What to do
Could you retype exactly the line containing "Kini Vivo Store" and every line after it in the data below, leaving out the pictures?

Source data
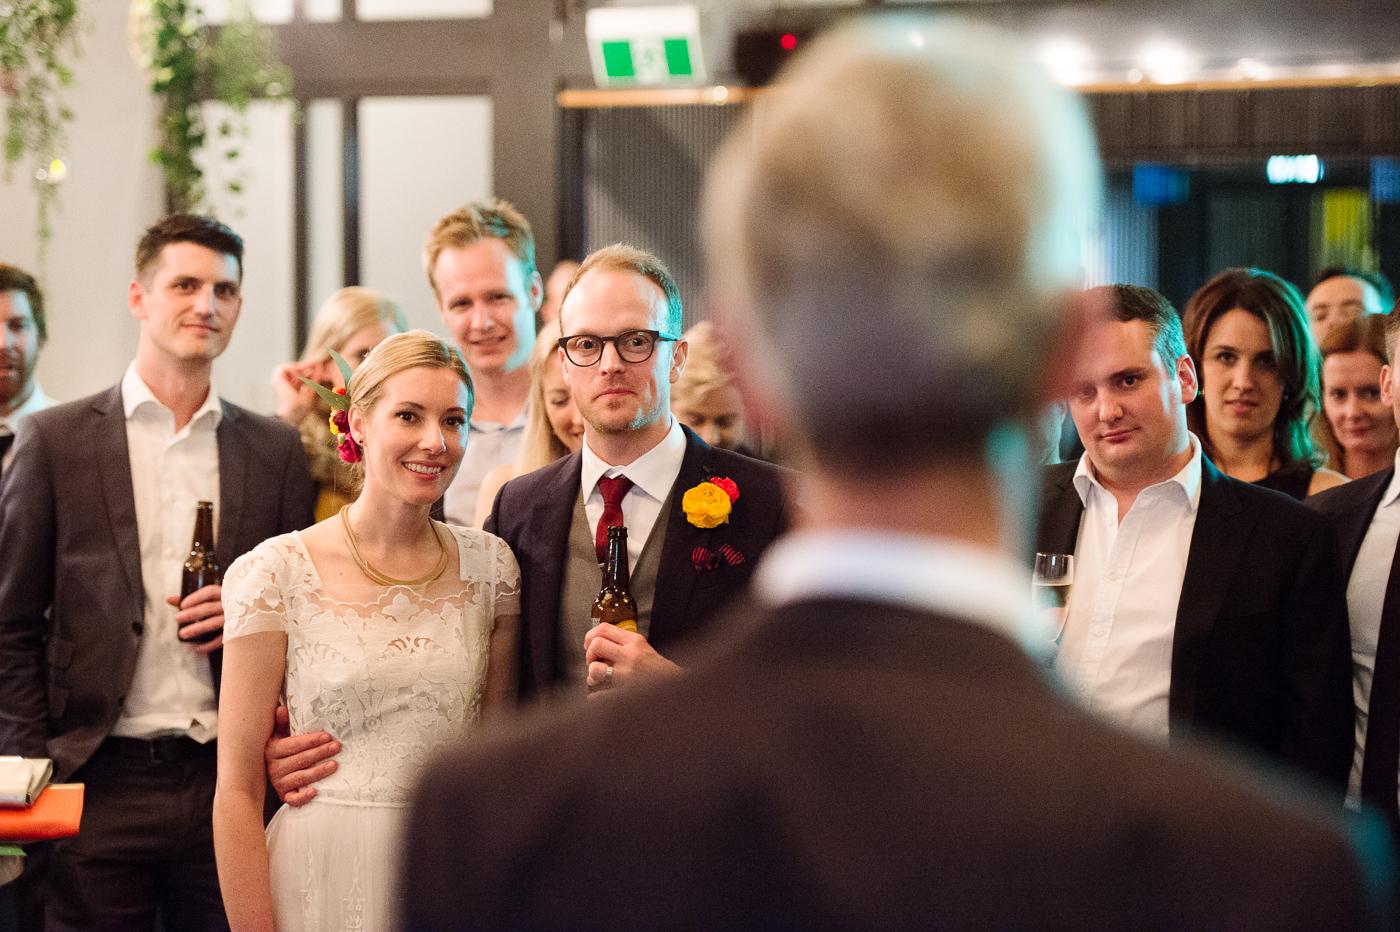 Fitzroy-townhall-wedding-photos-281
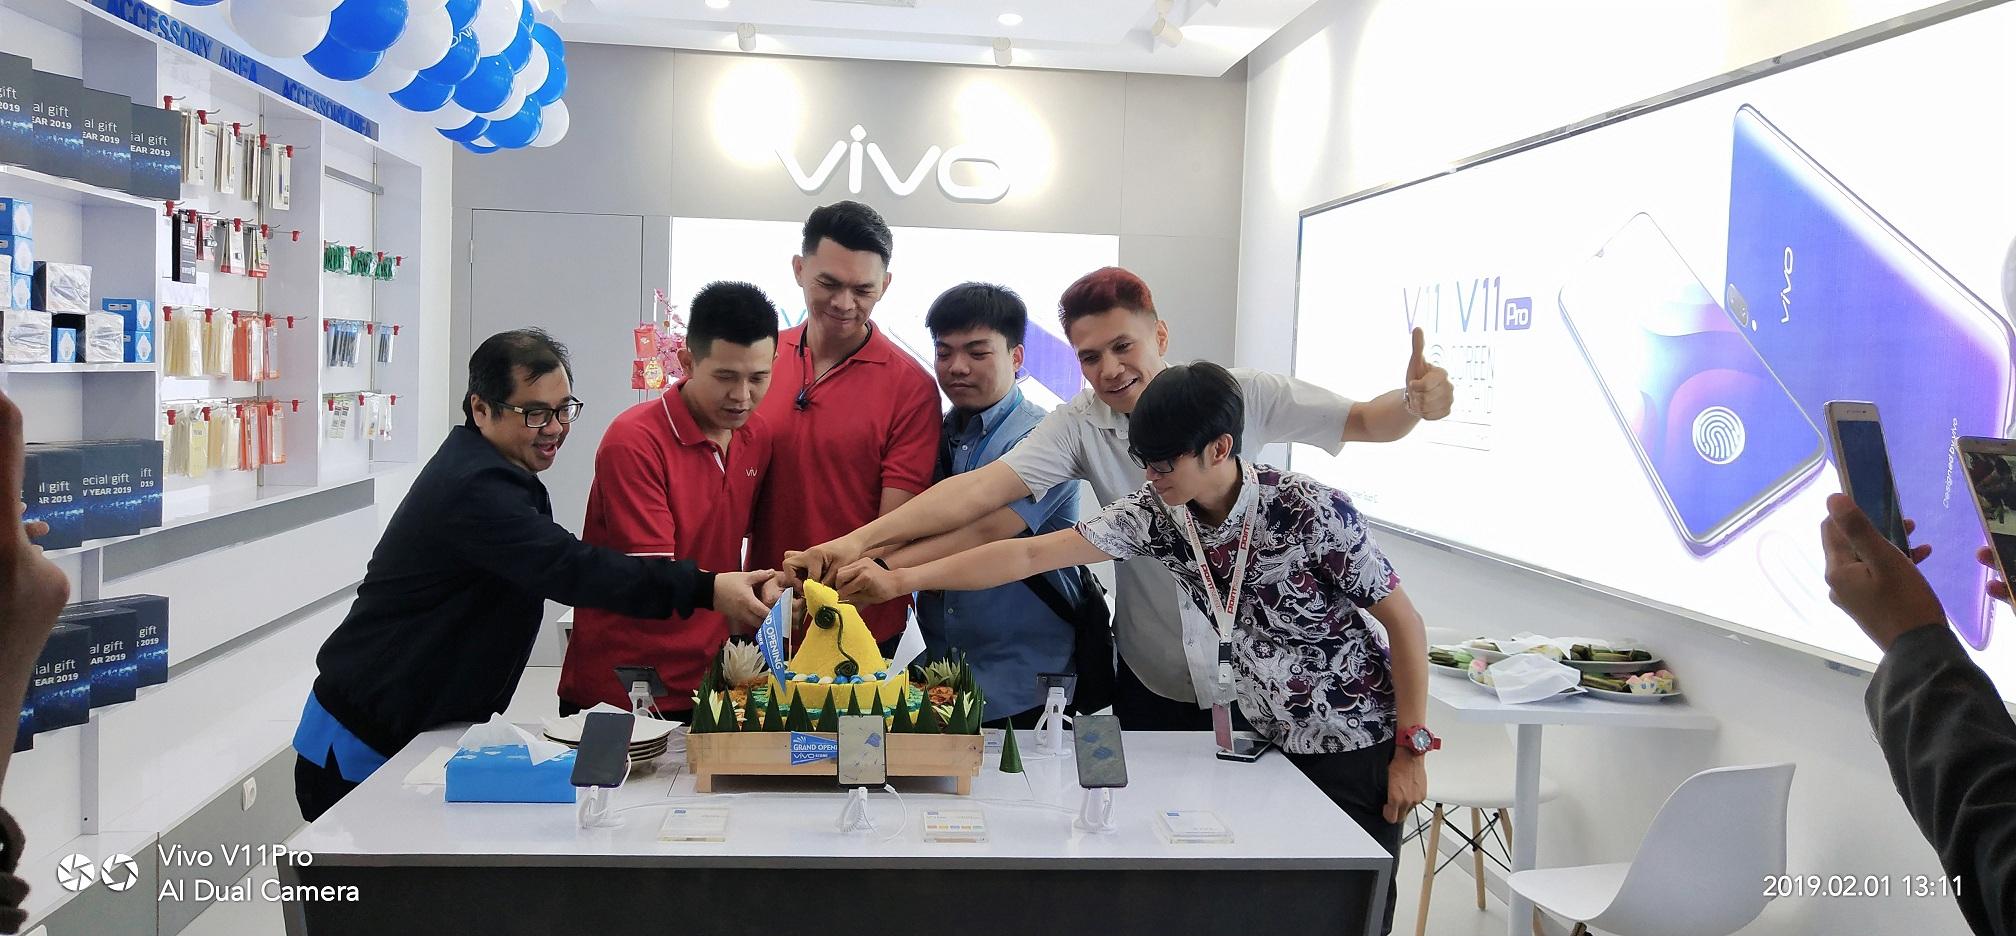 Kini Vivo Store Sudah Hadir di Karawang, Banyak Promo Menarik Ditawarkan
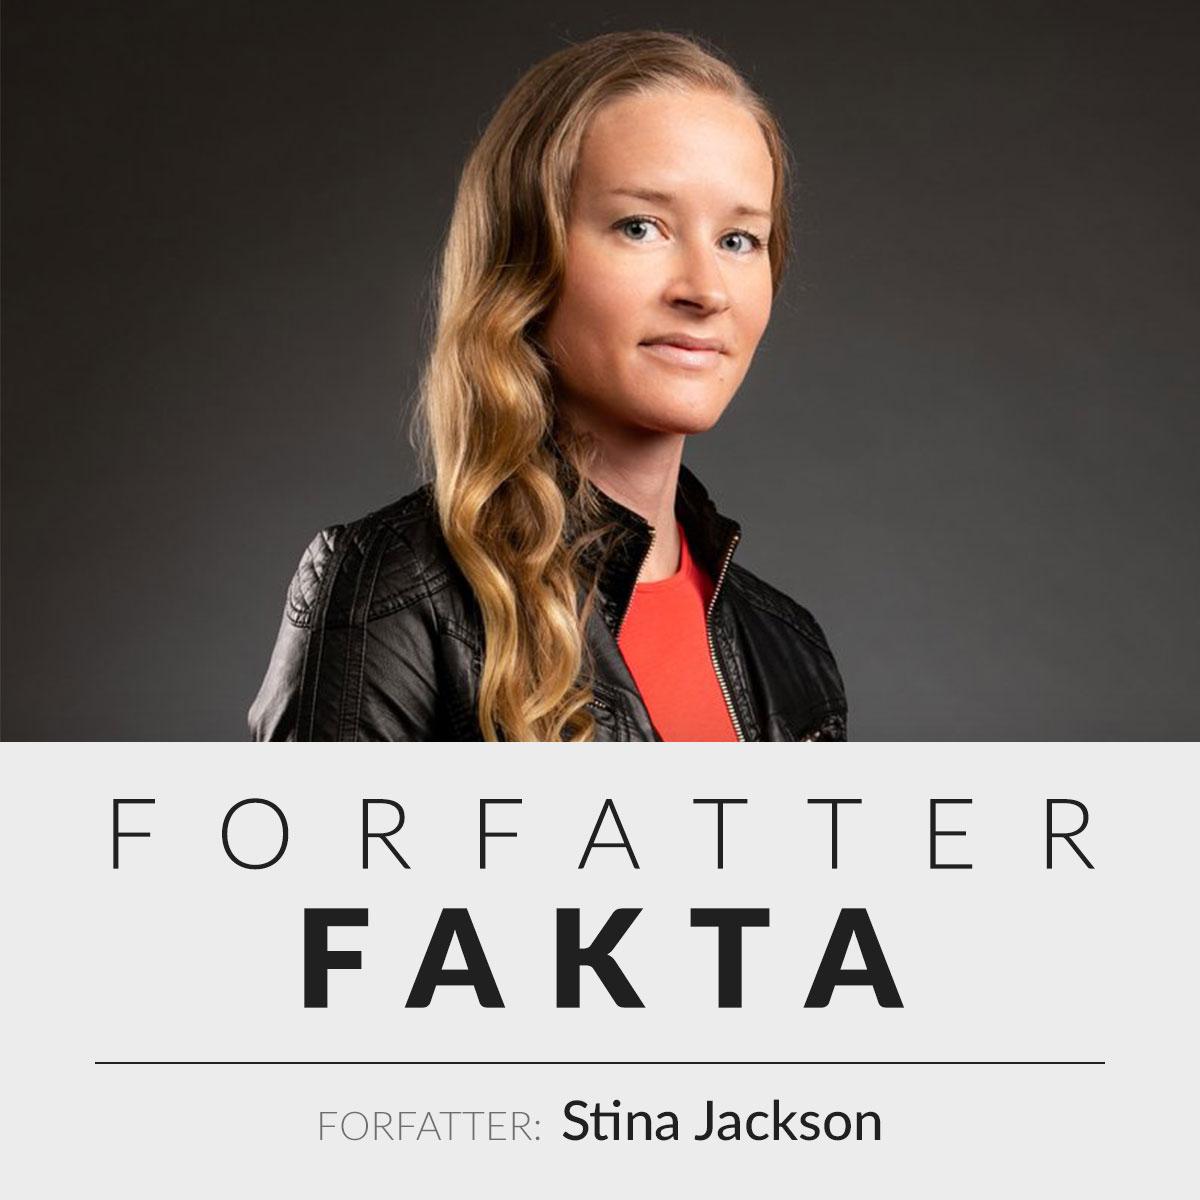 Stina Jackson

Written response
 Kini Vivo Store Sudah Hadir di Karawang, Banyak Promo Menarik Ditawarkan
 Stina Jackson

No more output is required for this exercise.